[Records from a collection]
┌──

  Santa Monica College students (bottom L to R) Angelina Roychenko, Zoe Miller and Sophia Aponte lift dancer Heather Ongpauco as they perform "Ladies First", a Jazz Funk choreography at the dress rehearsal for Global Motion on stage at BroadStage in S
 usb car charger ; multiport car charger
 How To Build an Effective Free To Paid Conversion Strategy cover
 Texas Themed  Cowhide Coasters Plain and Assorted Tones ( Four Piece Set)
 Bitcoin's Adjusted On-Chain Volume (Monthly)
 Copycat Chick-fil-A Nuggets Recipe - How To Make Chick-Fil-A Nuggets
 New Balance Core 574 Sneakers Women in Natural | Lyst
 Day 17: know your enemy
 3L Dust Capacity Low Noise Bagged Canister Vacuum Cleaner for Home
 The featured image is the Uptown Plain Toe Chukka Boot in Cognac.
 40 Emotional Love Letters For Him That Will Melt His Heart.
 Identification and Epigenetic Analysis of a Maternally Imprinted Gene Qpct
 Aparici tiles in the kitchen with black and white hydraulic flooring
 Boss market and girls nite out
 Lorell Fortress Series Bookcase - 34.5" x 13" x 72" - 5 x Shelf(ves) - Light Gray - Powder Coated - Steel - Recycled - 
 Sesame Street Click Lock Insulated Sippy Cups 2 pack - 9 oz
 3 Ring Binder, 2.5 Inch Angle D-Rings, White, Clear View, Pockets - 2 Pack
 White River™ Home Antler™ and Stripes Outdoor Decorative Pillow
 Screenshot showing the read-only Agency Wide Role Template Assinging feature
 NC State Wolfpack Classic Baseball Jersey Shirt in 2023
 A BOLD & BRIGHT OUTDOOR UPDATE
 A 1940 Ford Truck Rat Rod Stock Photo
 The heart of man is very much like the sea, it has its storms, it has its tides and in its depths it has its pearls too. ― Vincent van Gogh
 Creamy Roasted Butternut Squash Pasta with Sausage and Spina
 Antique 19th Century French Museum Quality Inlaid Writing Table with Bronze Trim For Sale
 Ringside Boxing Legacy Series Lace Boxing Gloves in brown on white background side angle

└──

* Work request *
Please go line by line through the records above, copying each one that holds the string "with".

* Exercise response *
 Aparici tiles in the kitchen with black and white hydraulic flooring
 Creamy Roasted Butternut Squash Pasta with Sausage and Spina
 Antique 19th Century French Museum Quality Inlaid Writing Table with Bronze Trim For Sale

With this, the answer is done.